EXERCISE | In the records below, find the line with "OGIO Blacktop OG753", then retype it and every following line exactly, stopping after the line with "Landscape pros ca". Leave the pictures out.

SOURCE MATERIAL |
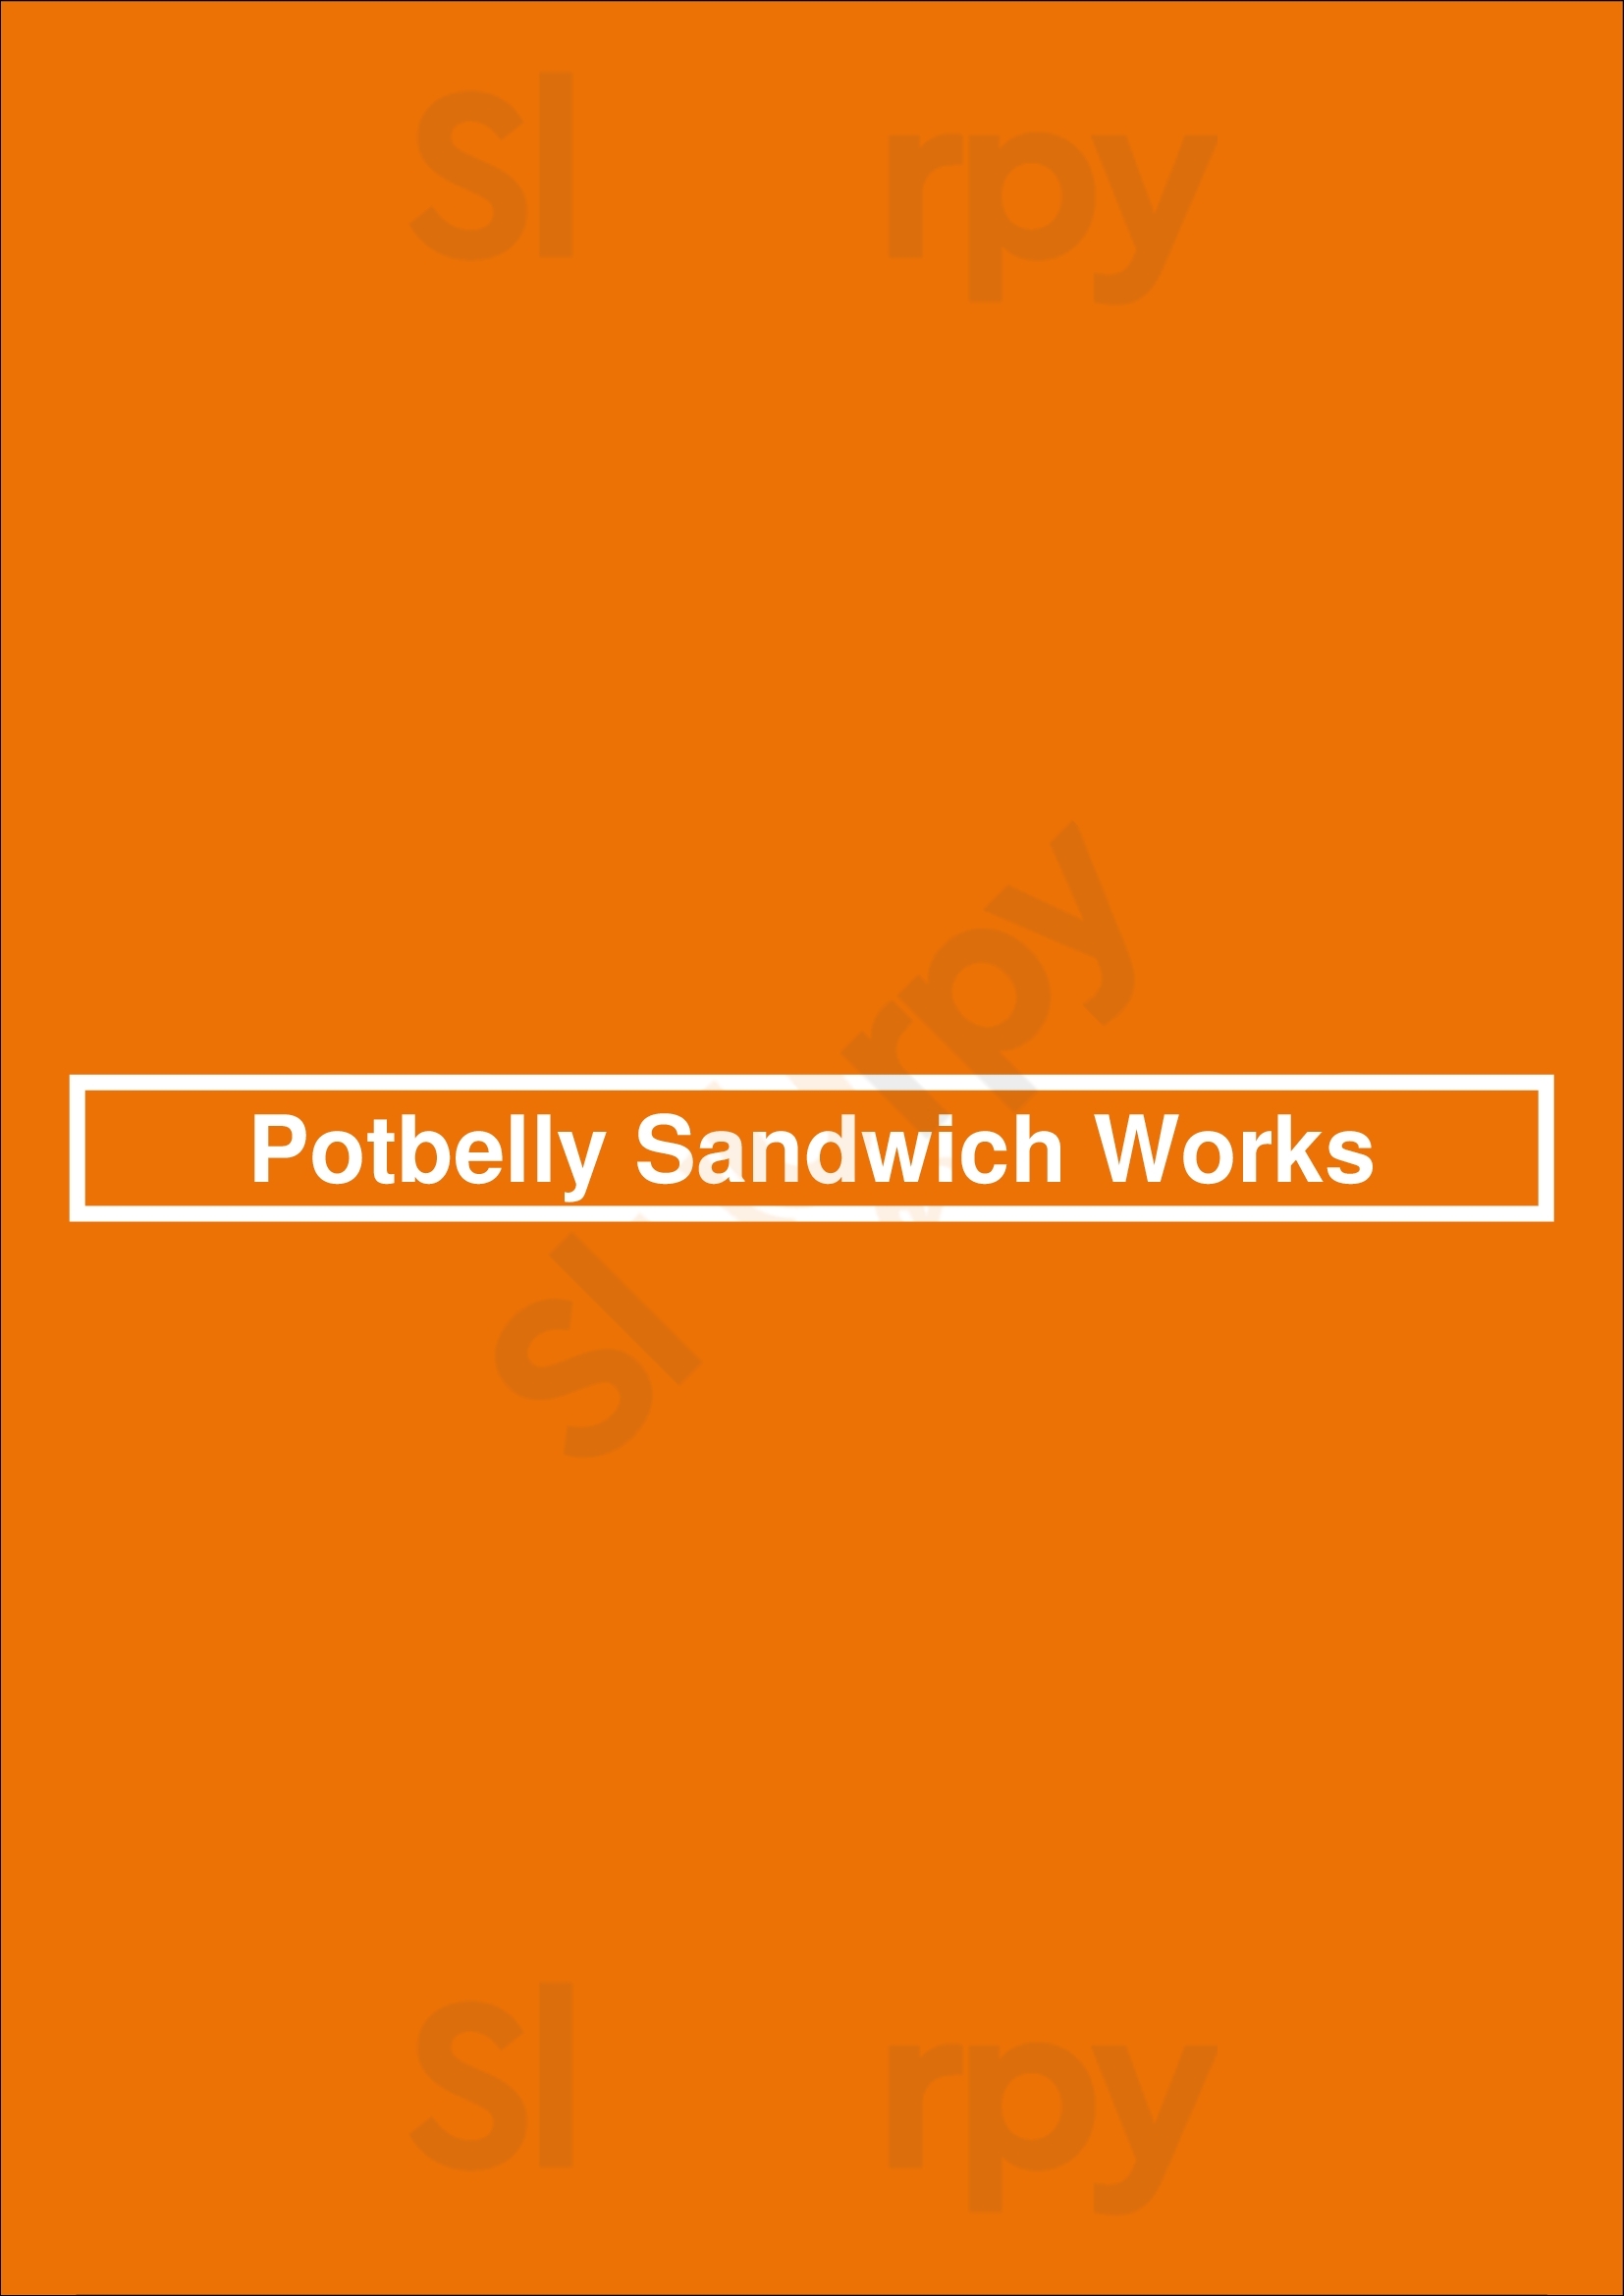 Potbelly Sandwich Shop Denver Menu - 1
...
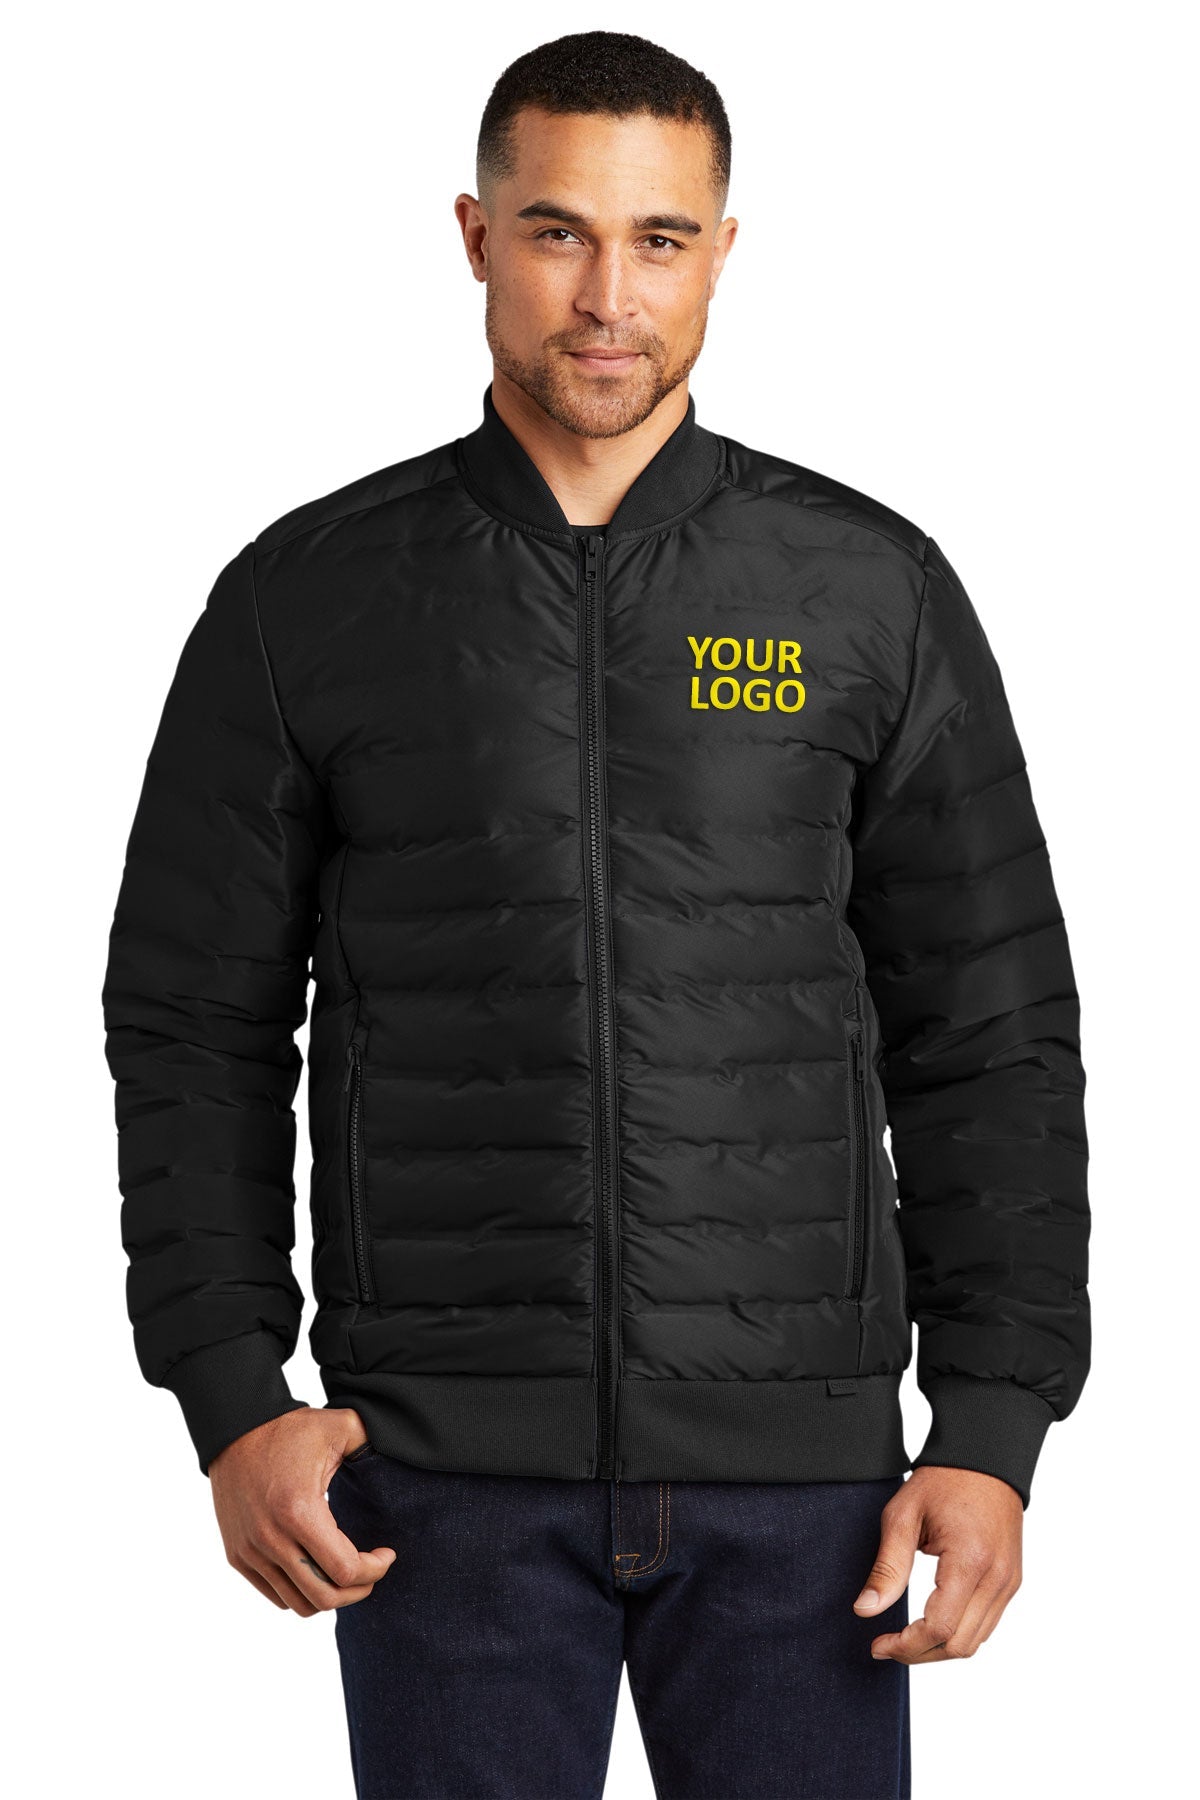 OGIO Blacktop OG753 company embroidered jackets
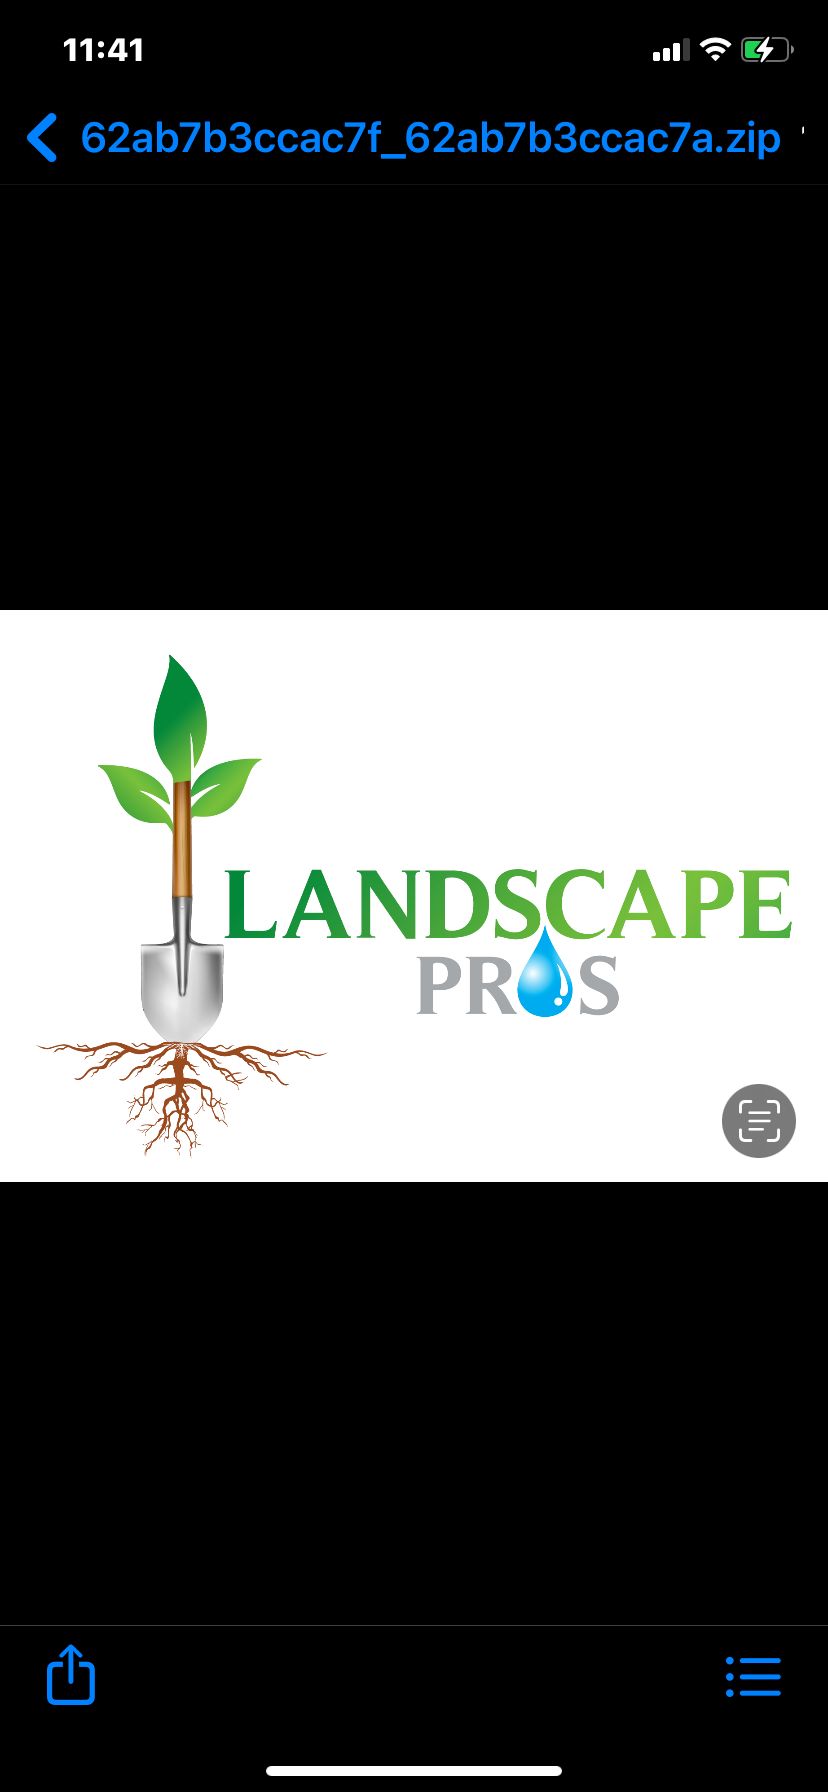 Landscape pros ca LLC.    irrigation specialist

ANSWER BOX |
 OGIO Blacktop OG753 company embroidered jackets
 Landscape pros ca LLC.    irrigation specialist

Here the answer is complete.